» **Data**:
Segment Open

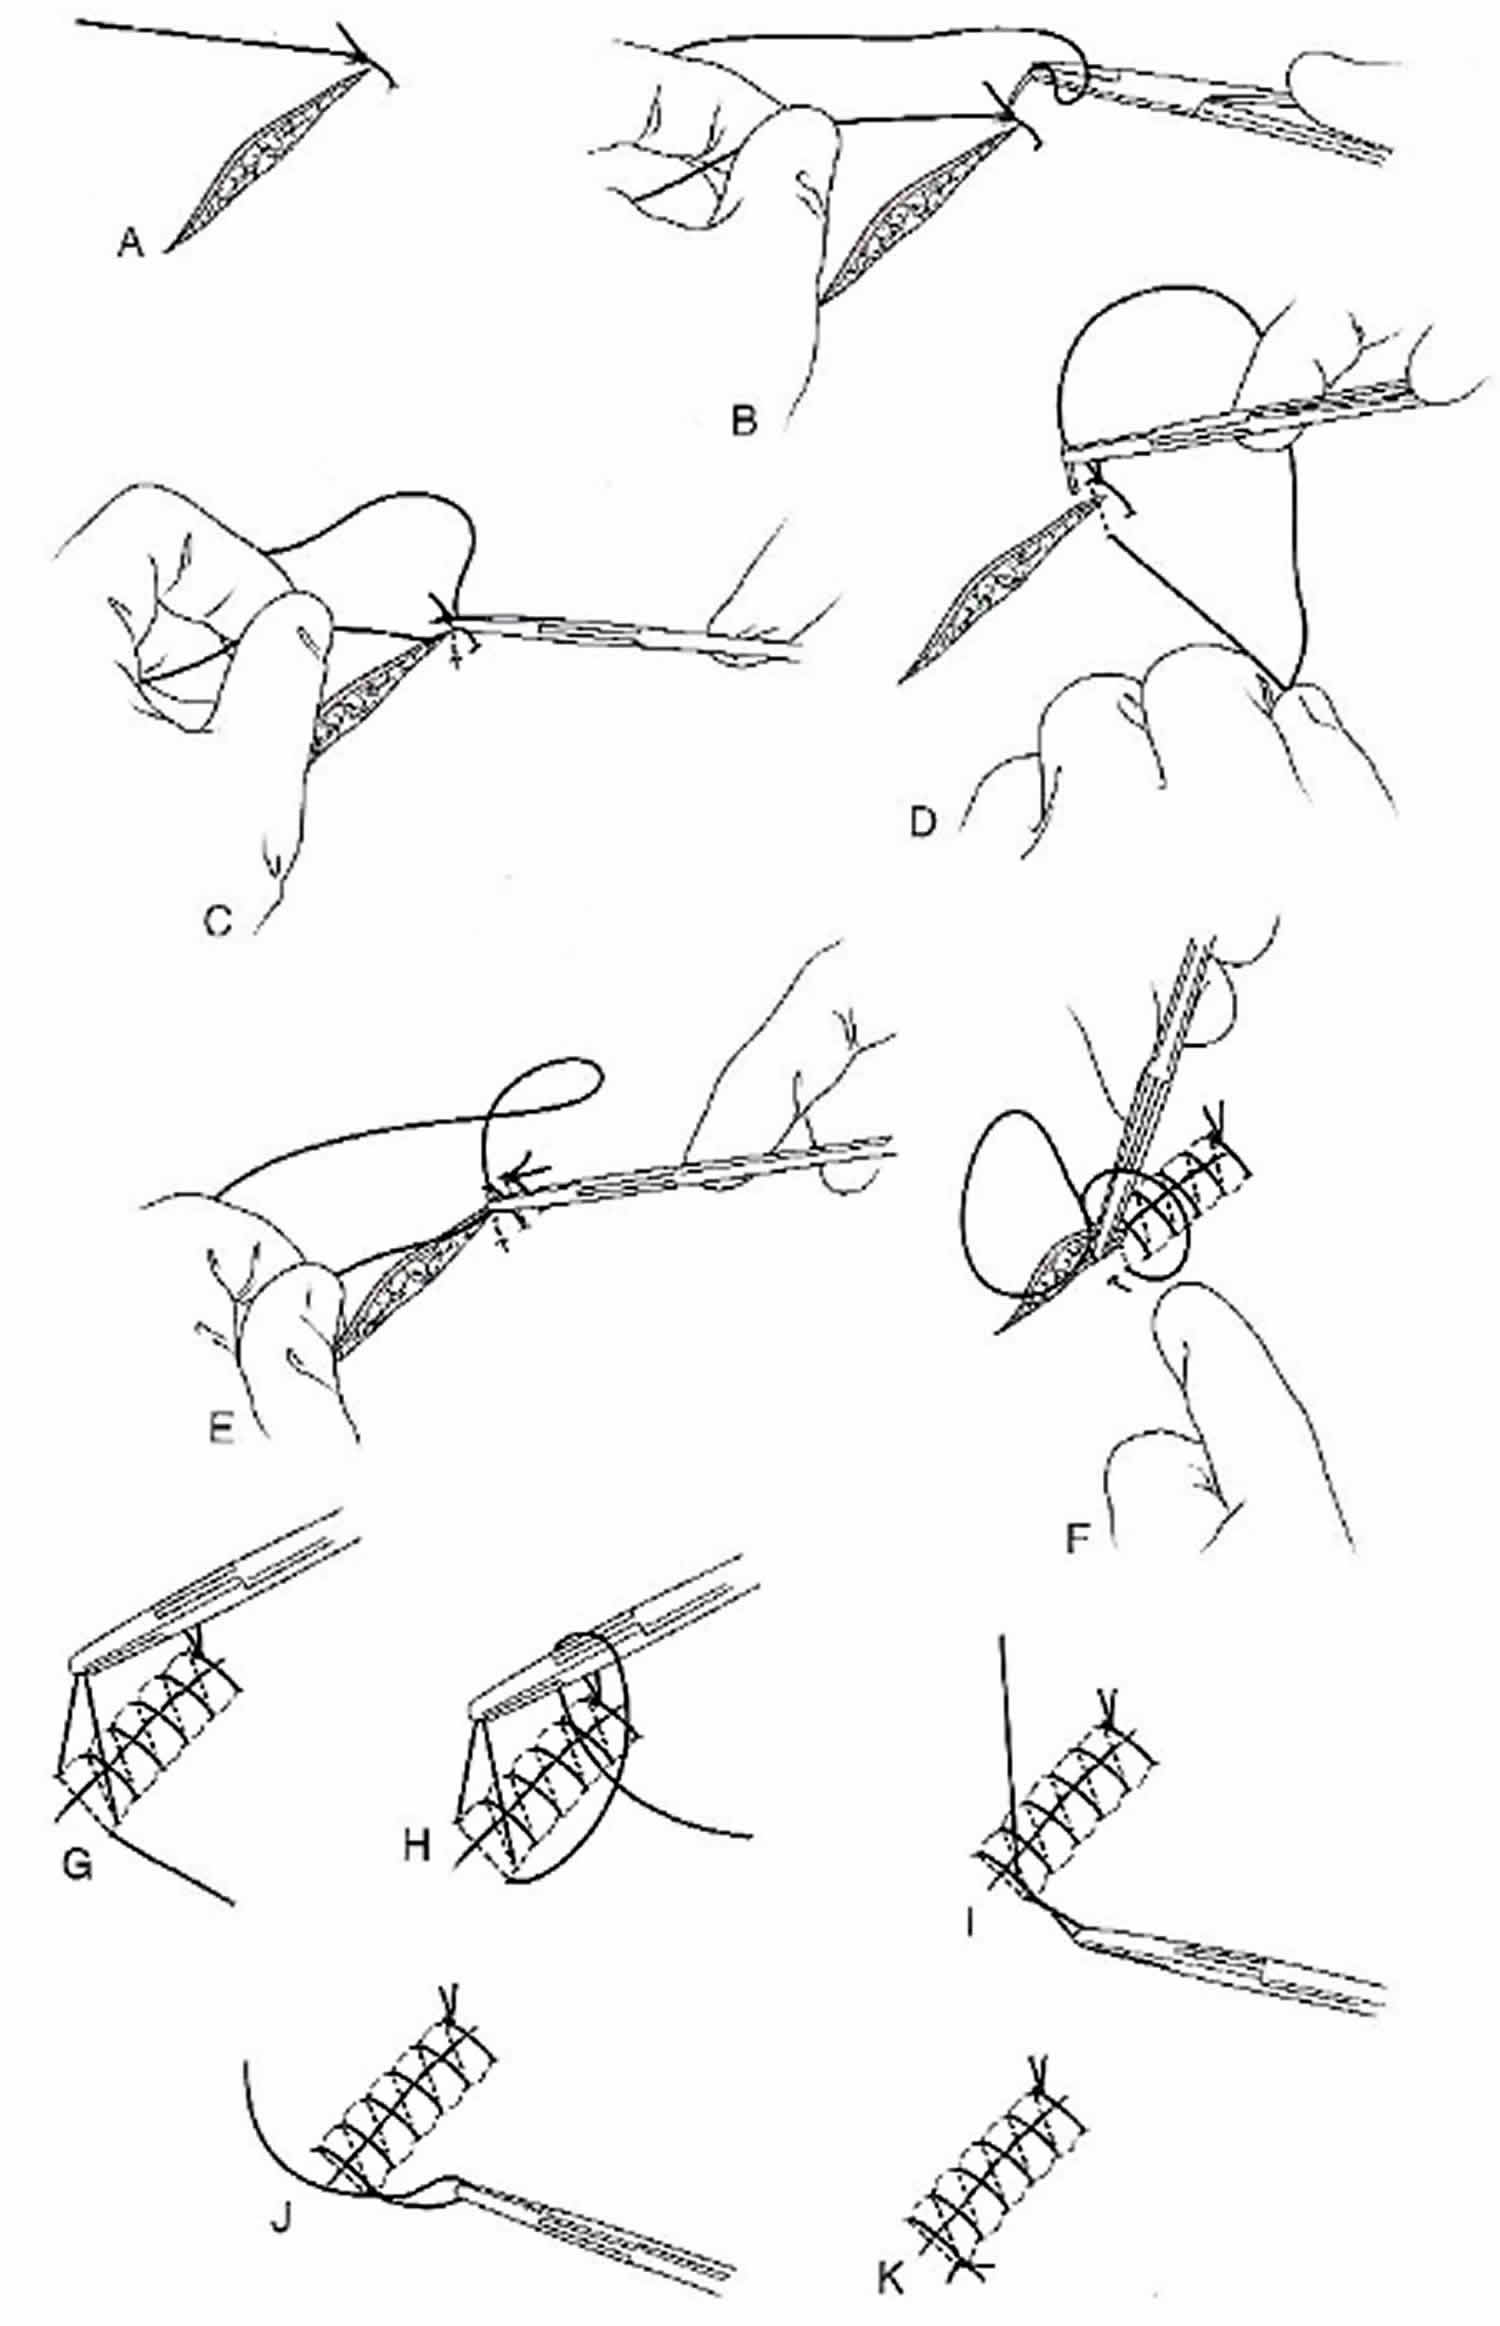 Simple running suture
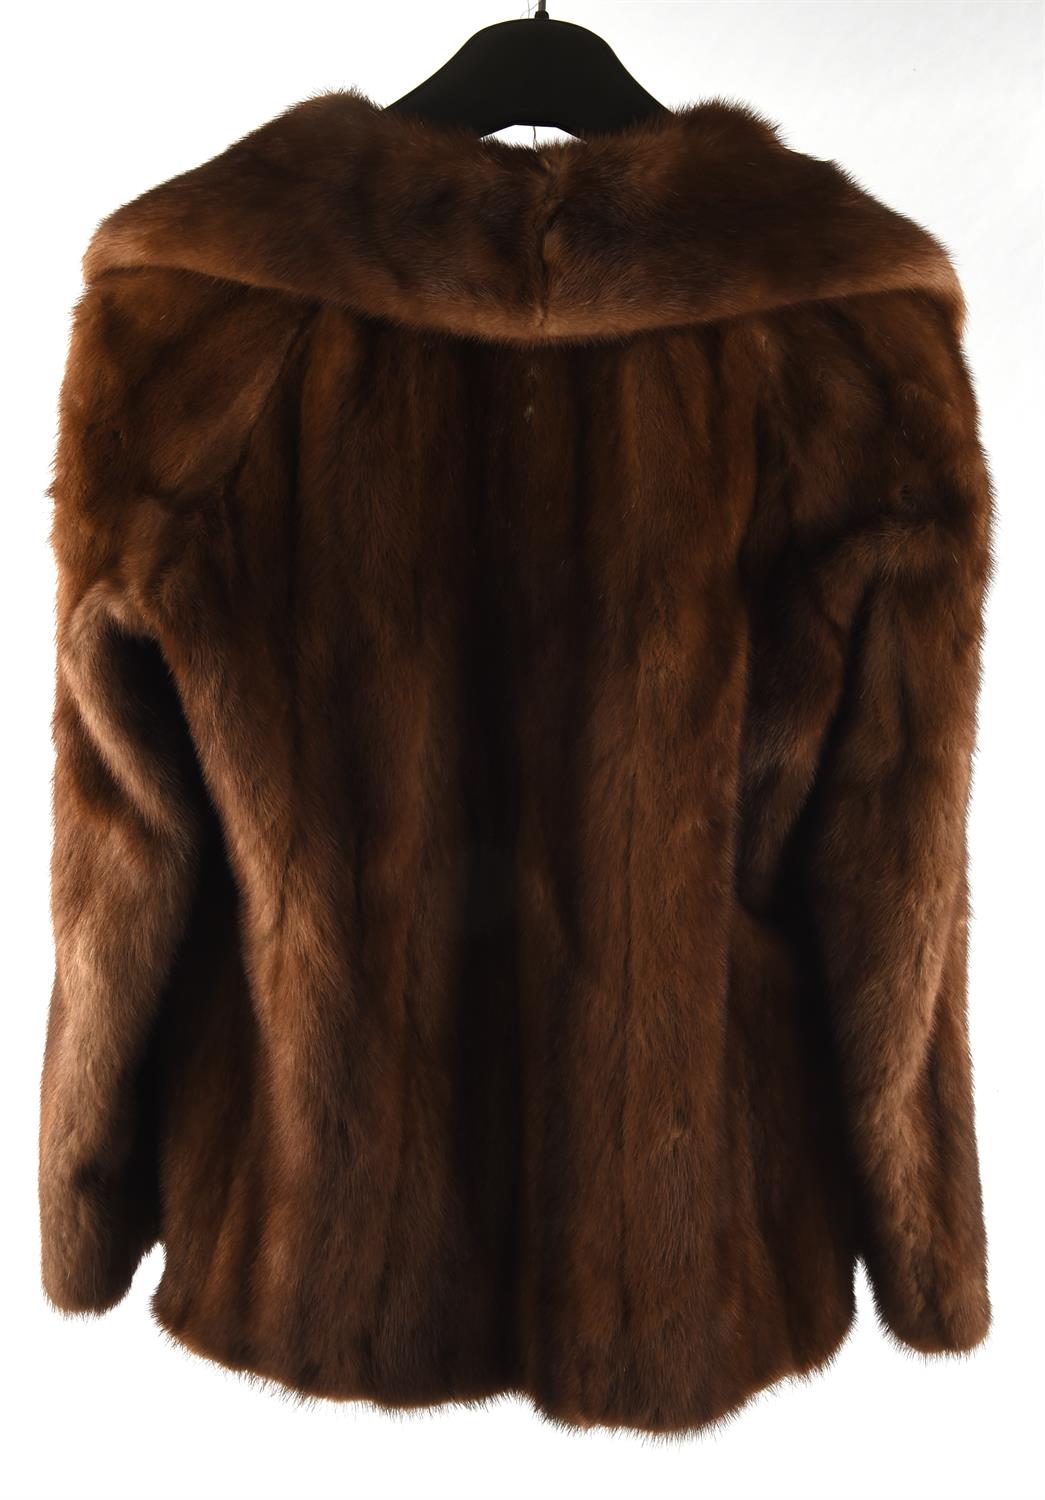 MINK Pastel fur jacket with original receipt for £1500 dated 1982 (Fits UK12) - Image 2 of 3
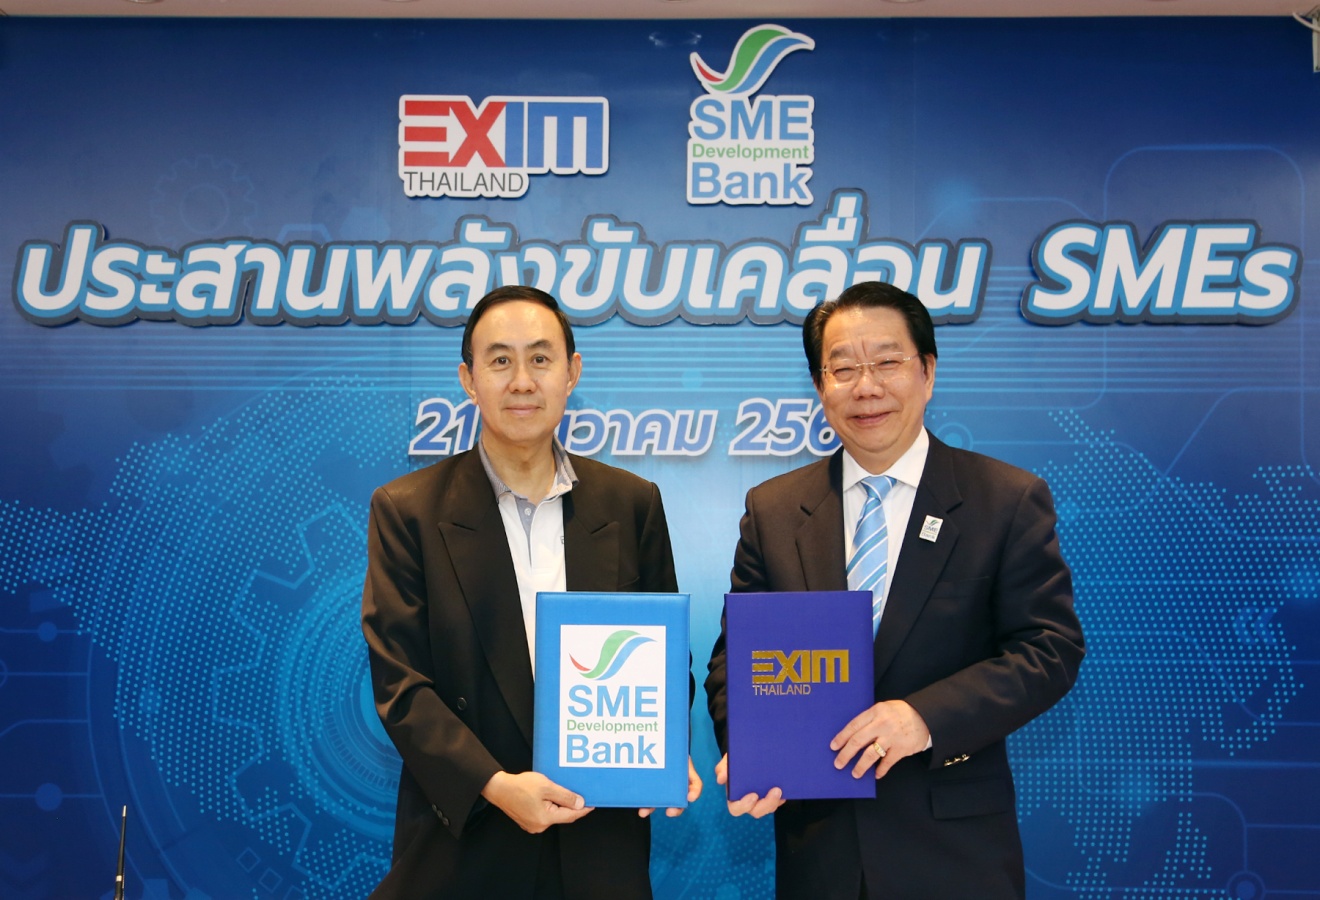 EXIM BANK และ SME Development Bank ประสานพลังขับเคลื่อนธุรกิจระหว่างประเทศของ SMEs ไทย

Segment Closed

» **Task to carry out**:
Skipping the pictures, transcribe each line above exactly as it appears.

» **Answer to this task**:
 Simple running suture
 MINK Pastel fur jacket with original receipt for £1500 dated 1982 (Fits UK12) - Image 2 of 3
 EXIM BANK และ SME Development Bank ประสานพลังขับเคลื่อนธุรกิจระหว่างประเทศของ SMEs ไทย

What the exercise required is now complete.